**Task requirements**
Skip the pictures and repeat each line of the data exactly.
Material to process below:
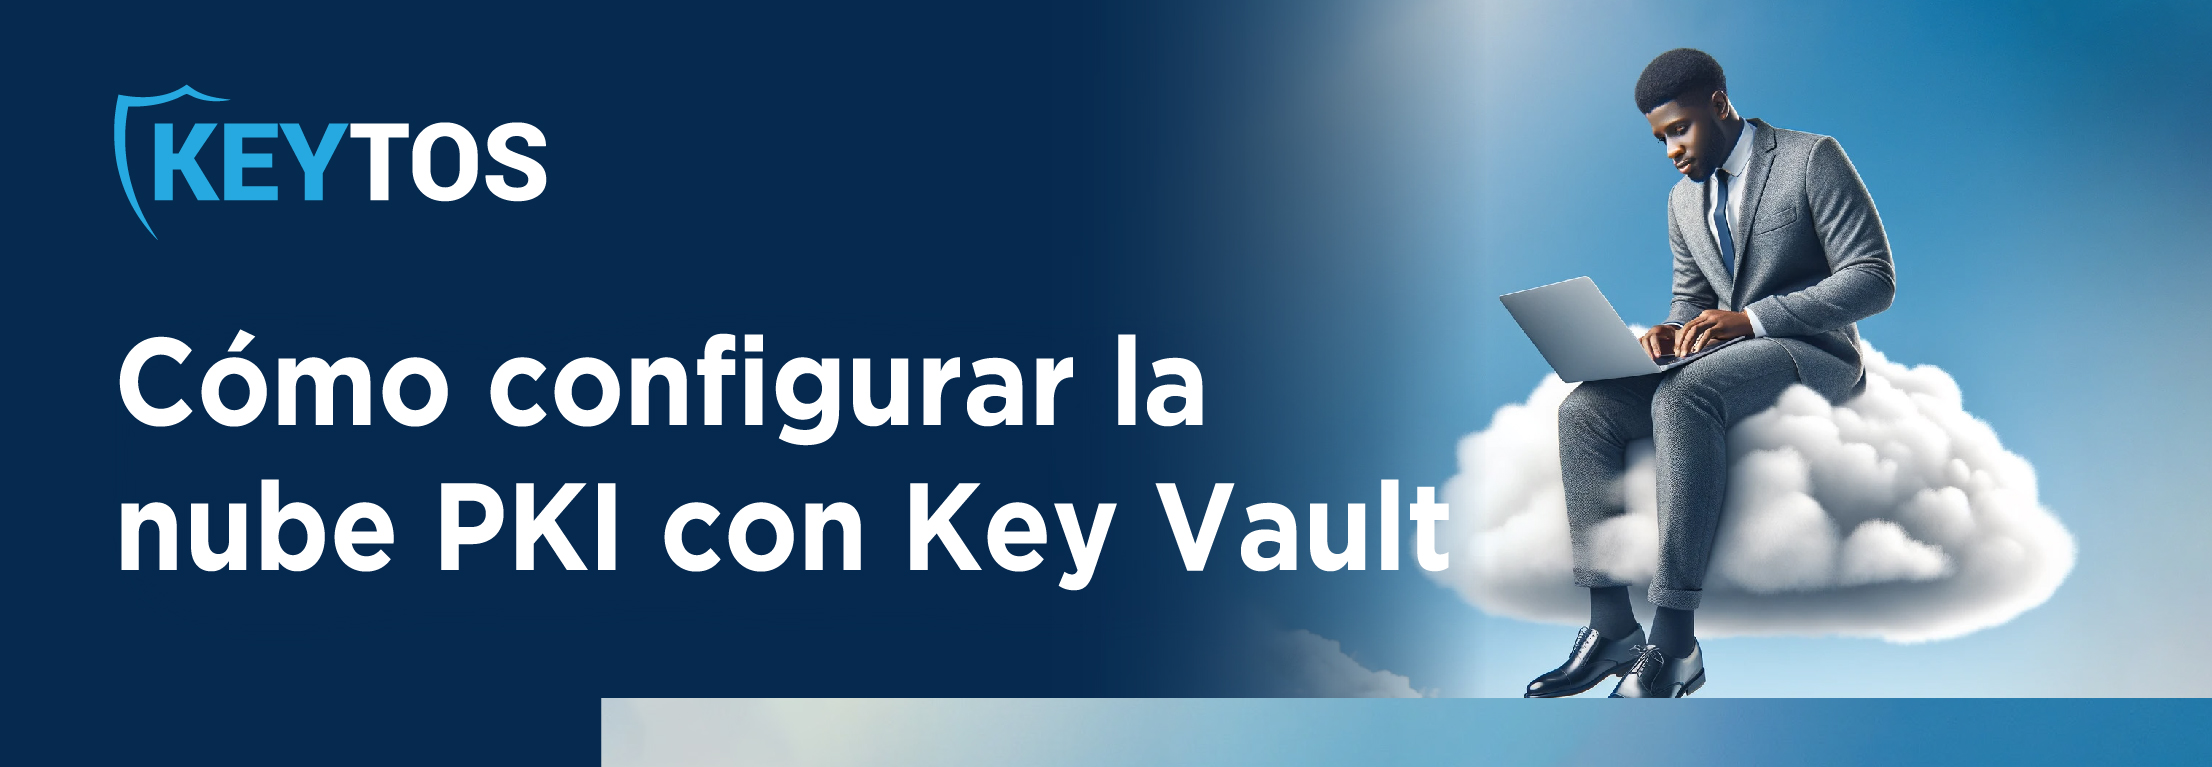 HSMs de claves de Azure PKI en la nube. ADCS en Azure cómo proteger sus claves privadas con Azure Key Vault o HSM dedicado.
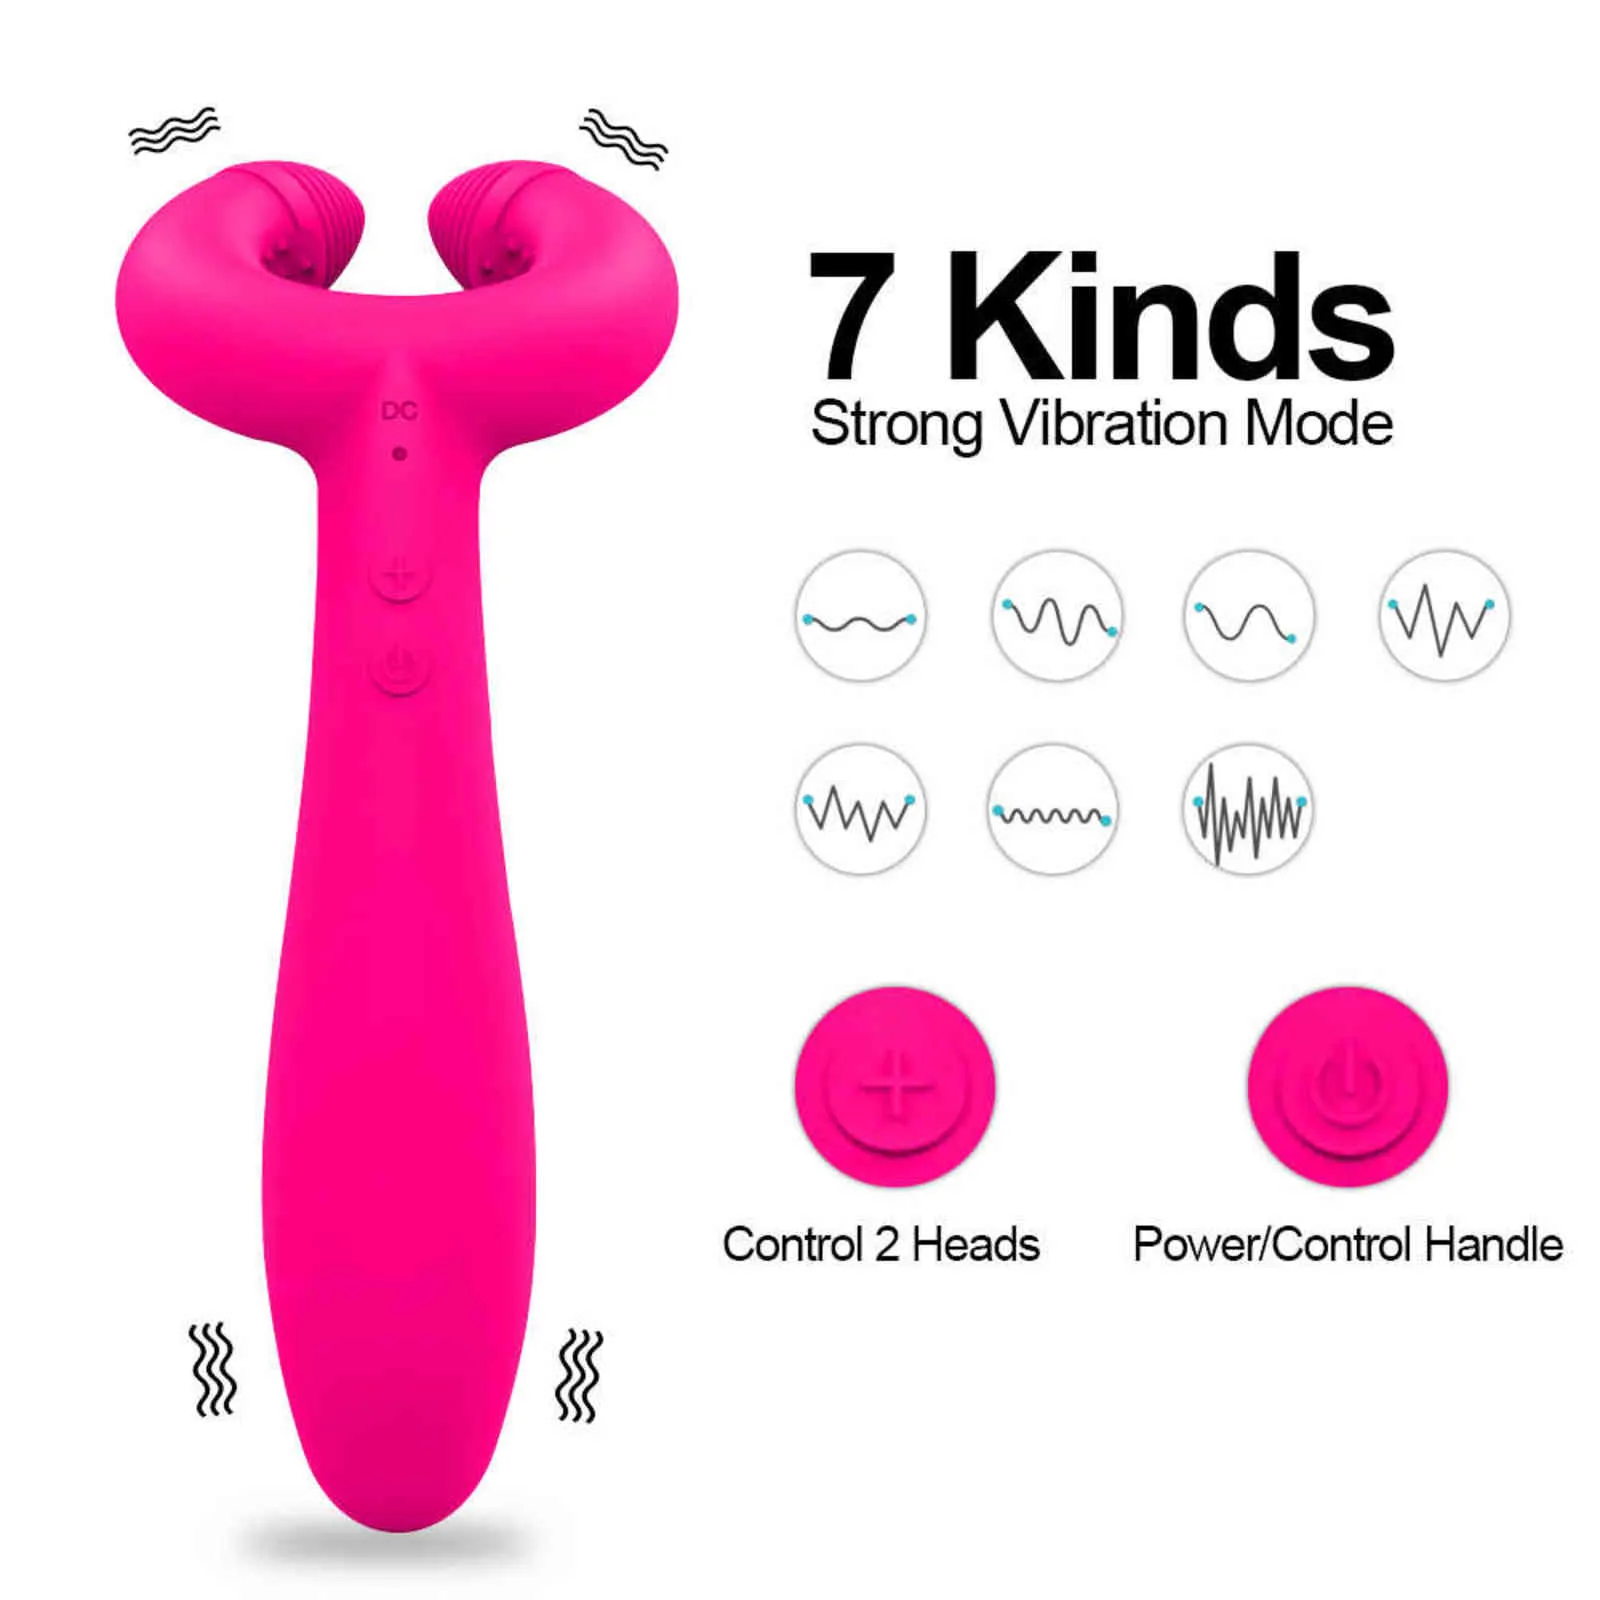 Nxy vibrators dubbele penetratie 3 motoren dildo vibrator sex speelgoed voor vrouwen
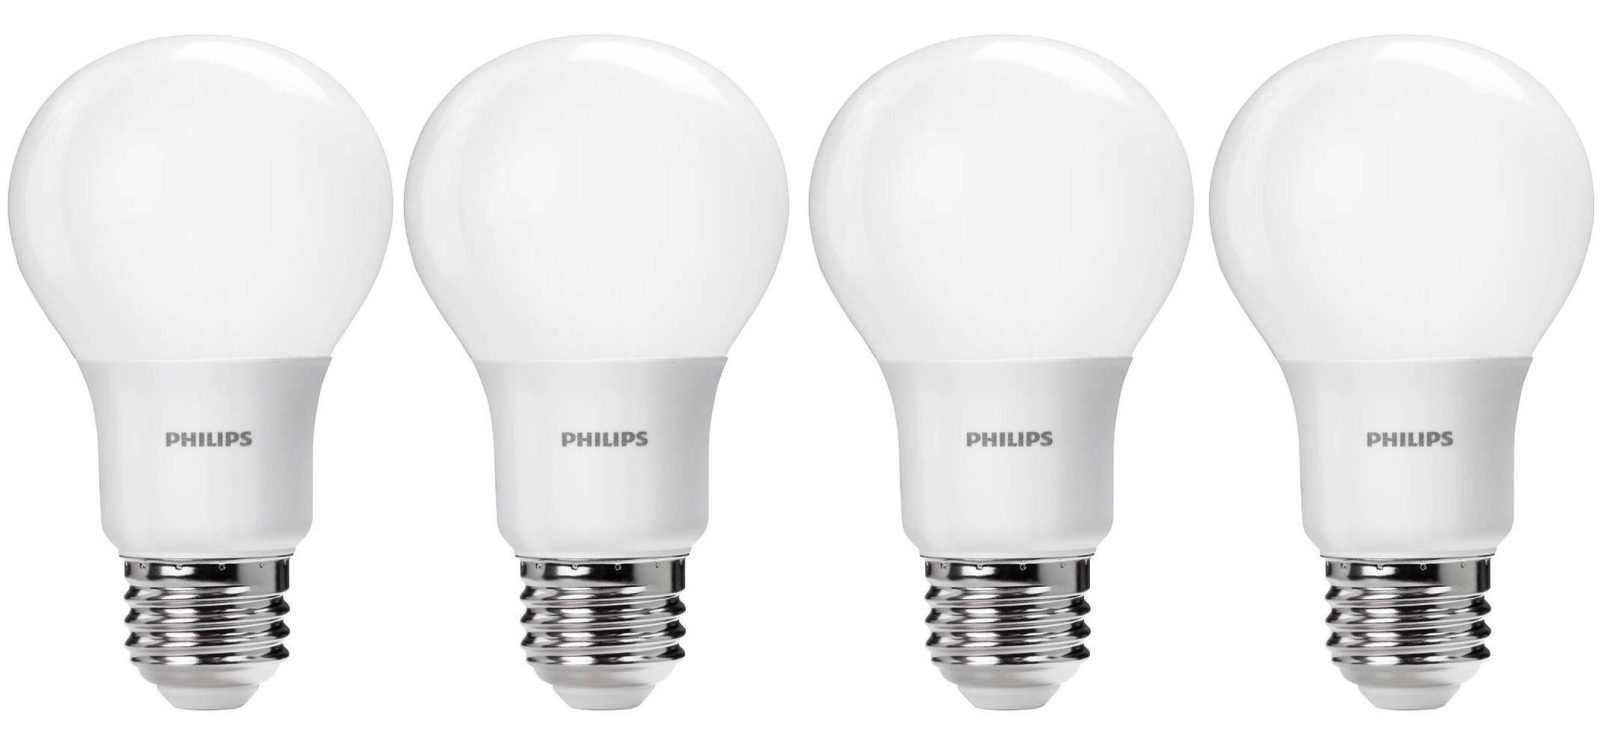 Green Deals: Philips 60W A19 Daylight LED Bulbs $8 (Reg. $15+), more | Electrek
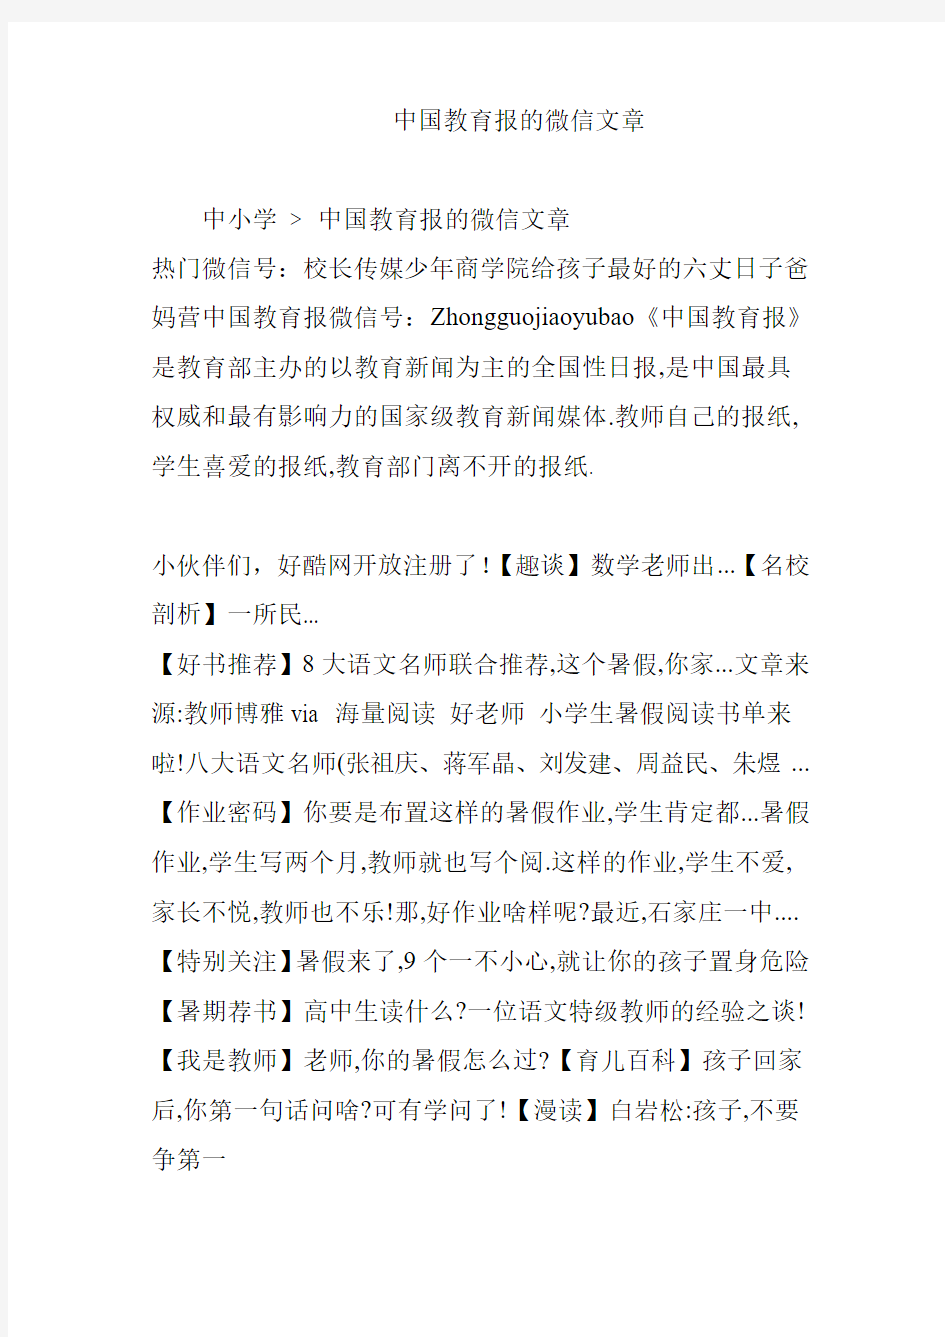 中国教育报的微信文章
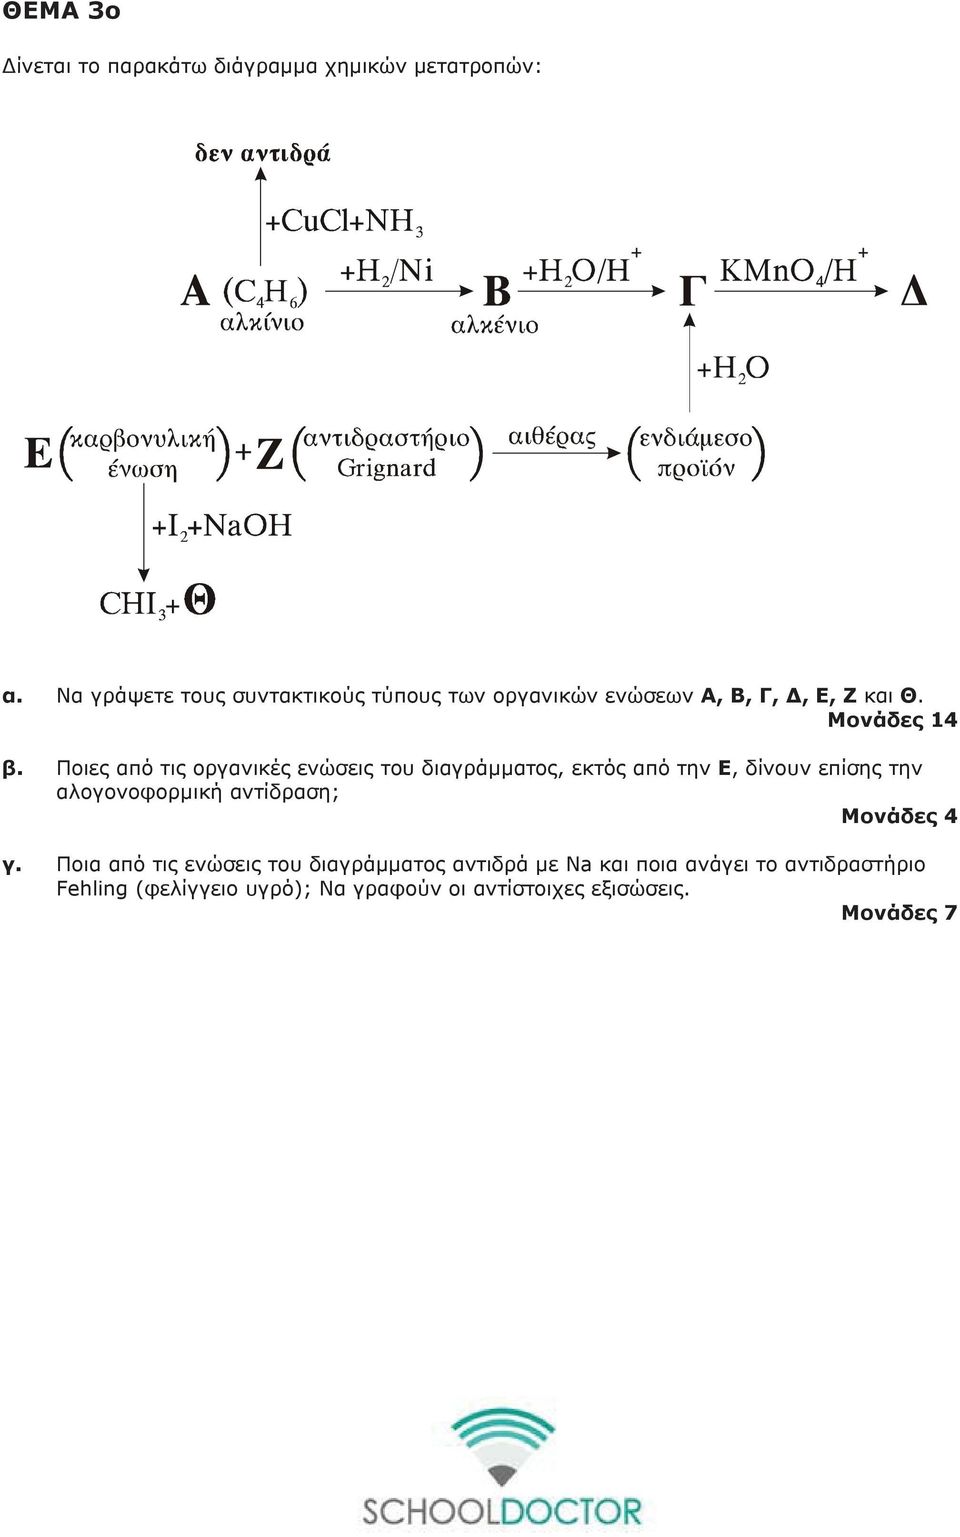 Ποιες από τις οργανικές ενώσεις του διαγράμματος, εκτός από την Ε, δίνουν επίσης την αλογονοφορμική αντίδραση;
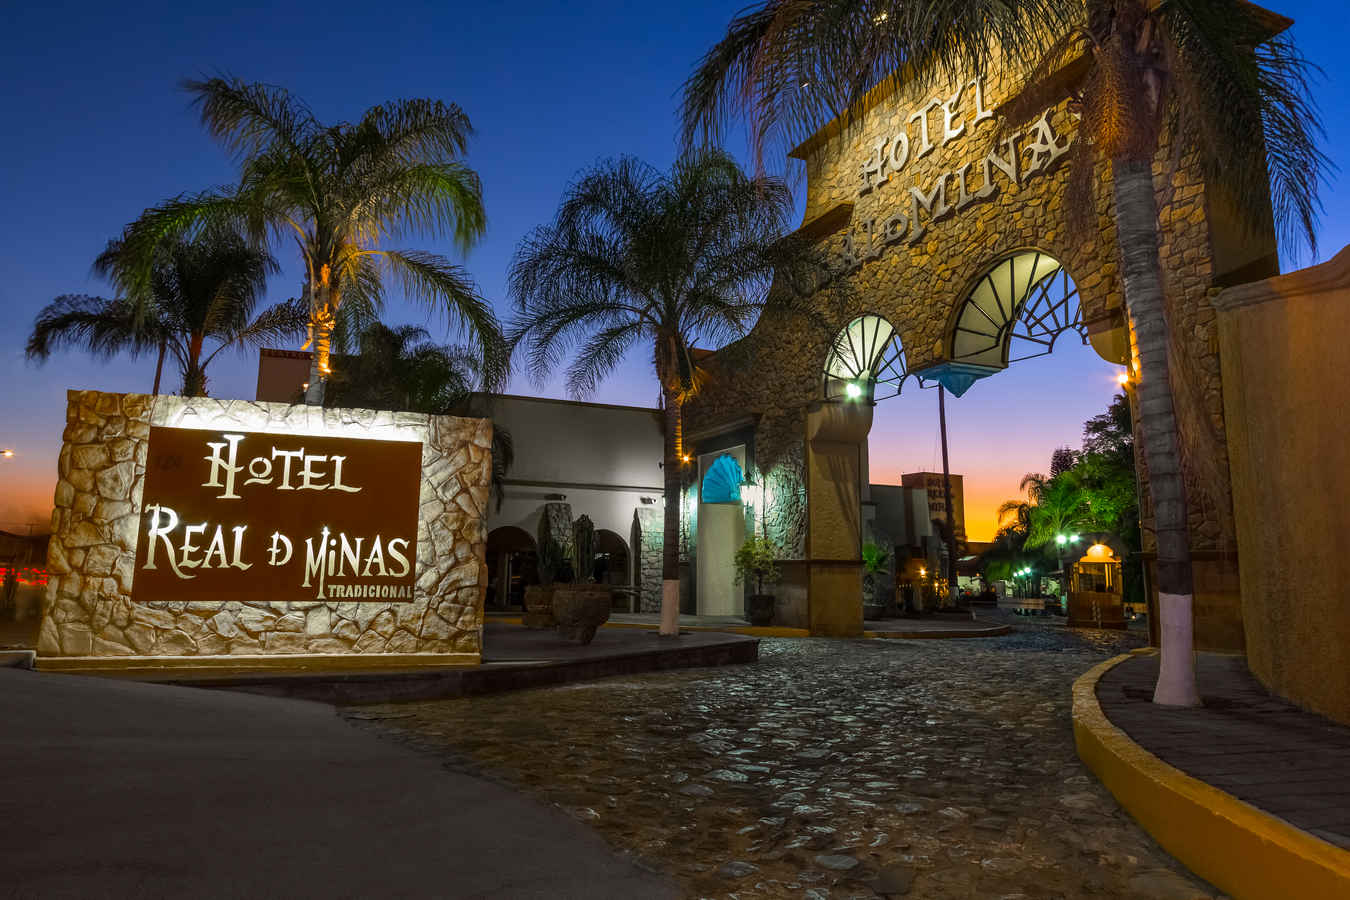 Hotel Real de Minas | Luxury Hotels in Queretaro, Mexico
End of Material to process.
**Response area**
 HSMs de claves de Azure PKI en la nube. ADCS en Azure cómo proteger sus claves privadas con Azure Key Vault o HSM dedicado.
 Nxy vibrators dubbele penetratie 3 motoren dildo vibrator sex speelgoed voor vrouwen
 Green Deals: Philips 60W A19 Daylight LED Bulbs $8 (Reg. $15+), more | Electrek
 中国教育报的微信文章
 Ποιες από τις οργανικές ενώσεις του διαγράμματος, εκτός από την Ε, δίνουν επίσης την αλογονοφορμική αντίδραση;
 Hotel Real de Minas | Luxury Hotels in Queretaro, Mexico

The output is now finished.